Open and close your garage door (or similar) with a Raspberry Pi.
Sometimes I forget to close my garage door when I leave the house. Sometimes I need to let someone into my house when I am not home. This allows me to do both of those things in a low-complexity way. Or, at least, in a way with complexity that I'm comfortable with.
Pros
- Low cost. Raspberry Pis are ubiquitous and low-cost. I had two lying around. The required HATs are cheap (or you could just solder a relay directly), cases are cheap, and wire is cheap.
- No ecosystem. The boards connect over regular Wi-Fi or ethernet and expose a simple HTTP interface. You can expose them to the internet however you want, or don't. You can expose them to automation tooling (like Home Assistant), or don't.
Cons
- Not turnkey. Building the hardware and setting up the software is not hard, but it is still a solution that involves more setup than something like an off-the-shelf device.
- No polish. Will not pass the Significant-Other Bar™ out-of-the-box.
Just want to try it out? If you have Cargo installed, clone and run:
$ cargo run --no-default-features config.example.toml
And then click the link!
Press the buttons to see the changes to GPIO pins that would happen on a real Raspberry Pi.
You will need to obtain three main components:
- Raspberry Pi computer
- One 24V relay per button (usually from a HAT) controlled via GPIO
- Wall- or ceiling-mountable case
The Raspberry Pi Zero is the ideal board given its price, that the software CPU/RAM requirements are low, and that it will likely be mounted to the ceiling.
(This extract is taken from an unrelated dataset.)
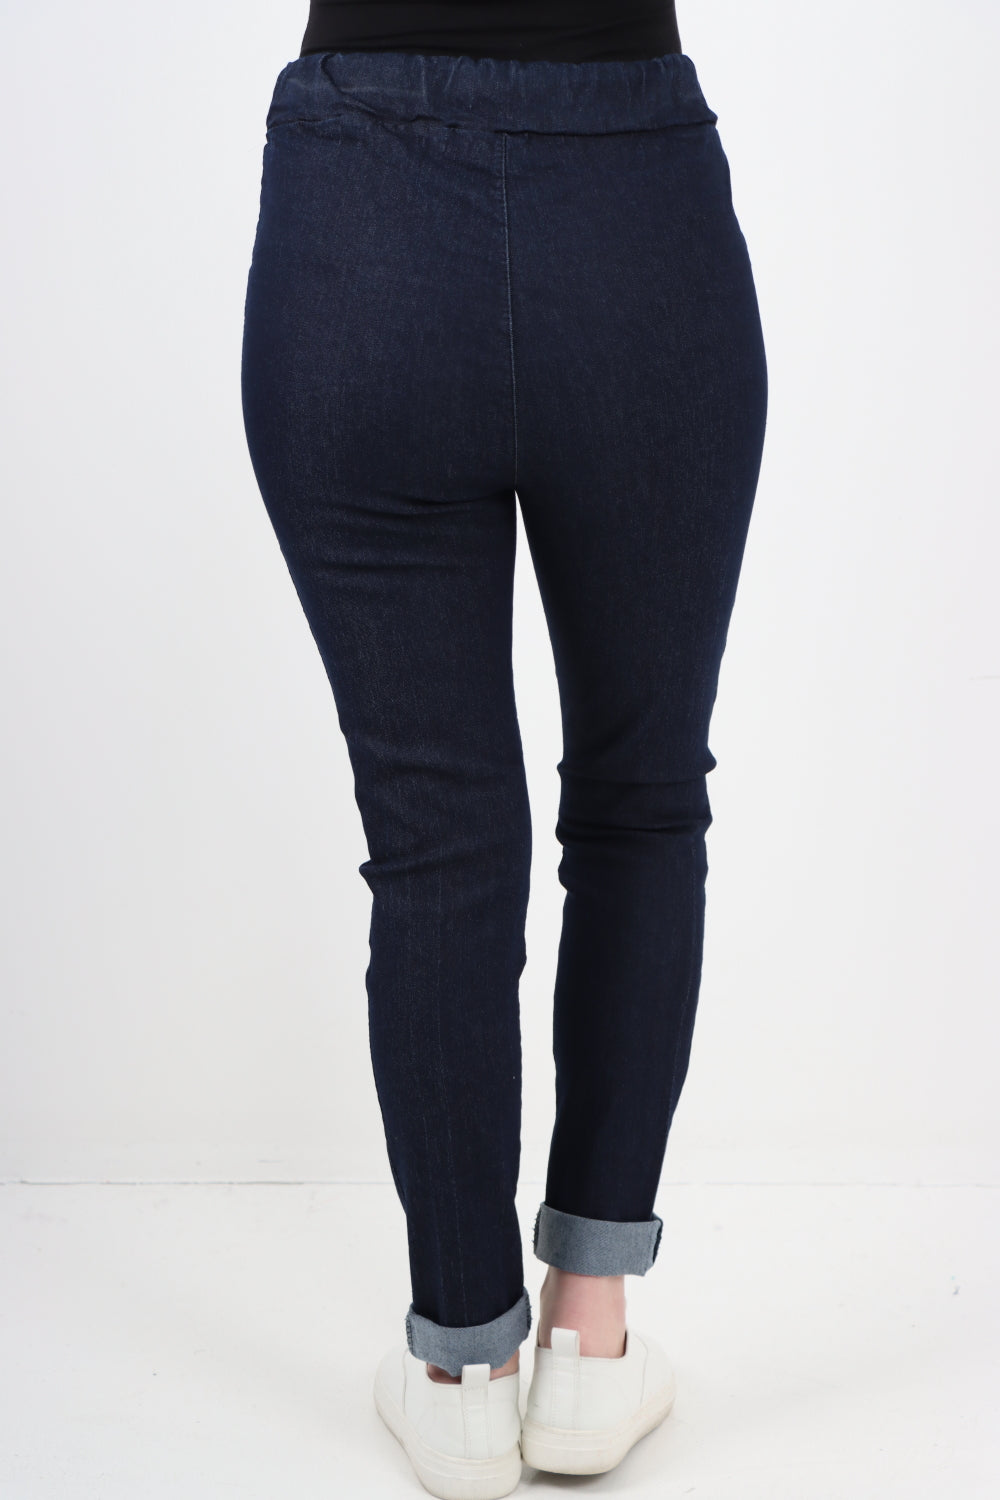 Italian Plain Denim Look Side Pockets Jeans Trouser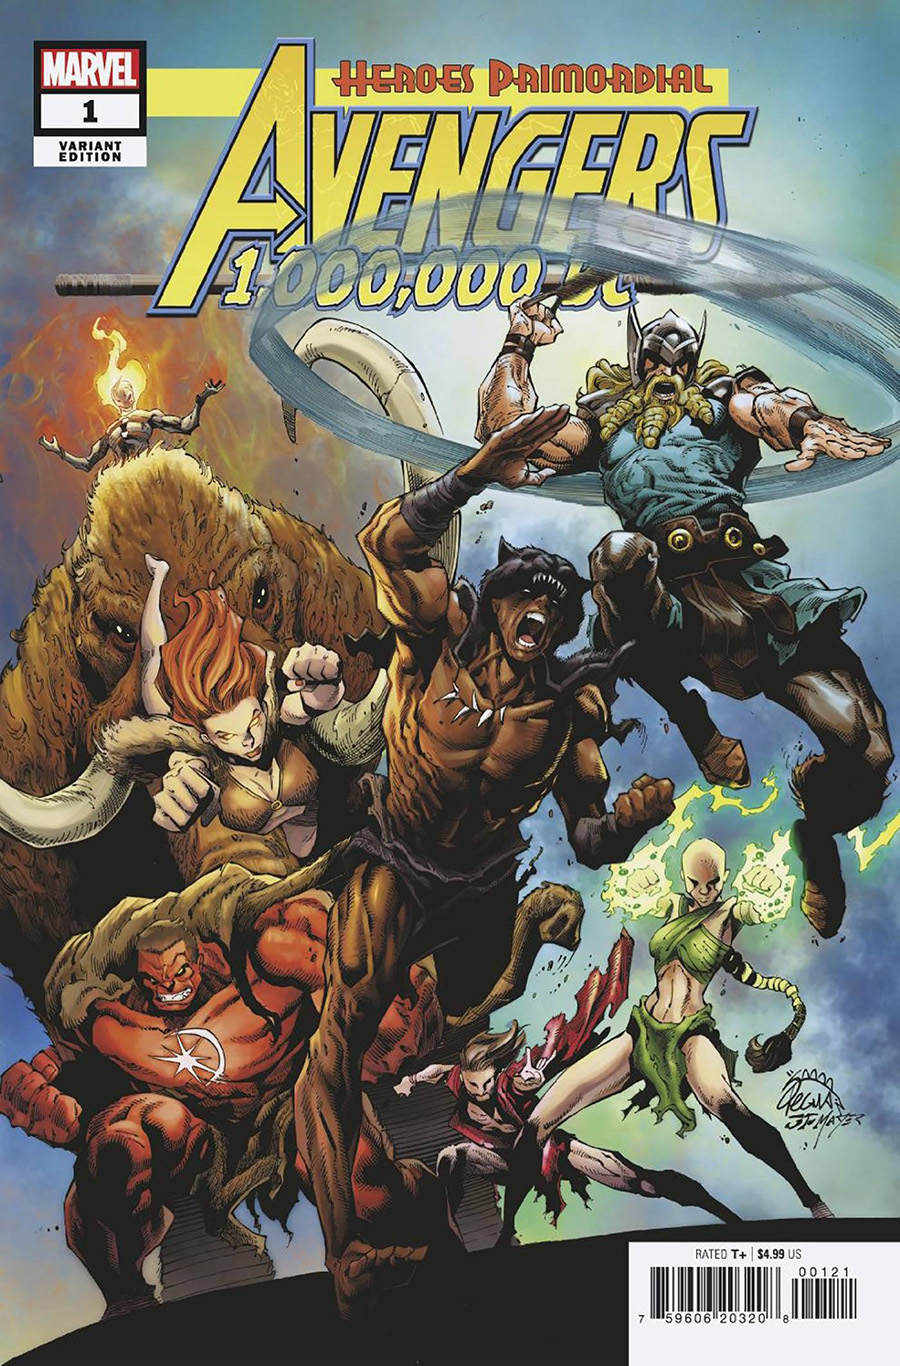 Avengers 1000000 BC #1 (One Shot) Cover B Variant Ryan Stegman Prehistoric Homage Cover

Due to its size and HAT availability, the Pi Zero can only control at most two single-button doors or one open/close-button door.
Ensure you get the Zero W for a board that includes a Wi-Fi chip (or the Zero WH).
The BC Robotics Relay HAT provides two relays for controlling up to two single-button doors or one open/close-button door.
The HAT attaches to the Pi via a 40-pin connector. You can use either 11mm or 12mm standoffs on the opposite side to secure it in place.
Looking for alternative HATs?
The Pimoroni Automation HAT mini provides only a single relay suitable for one single-button door.
The HAT attaches to the Pi via a 40-pin connector. You can use 10mm standoffs on the opposite side to secure it in place.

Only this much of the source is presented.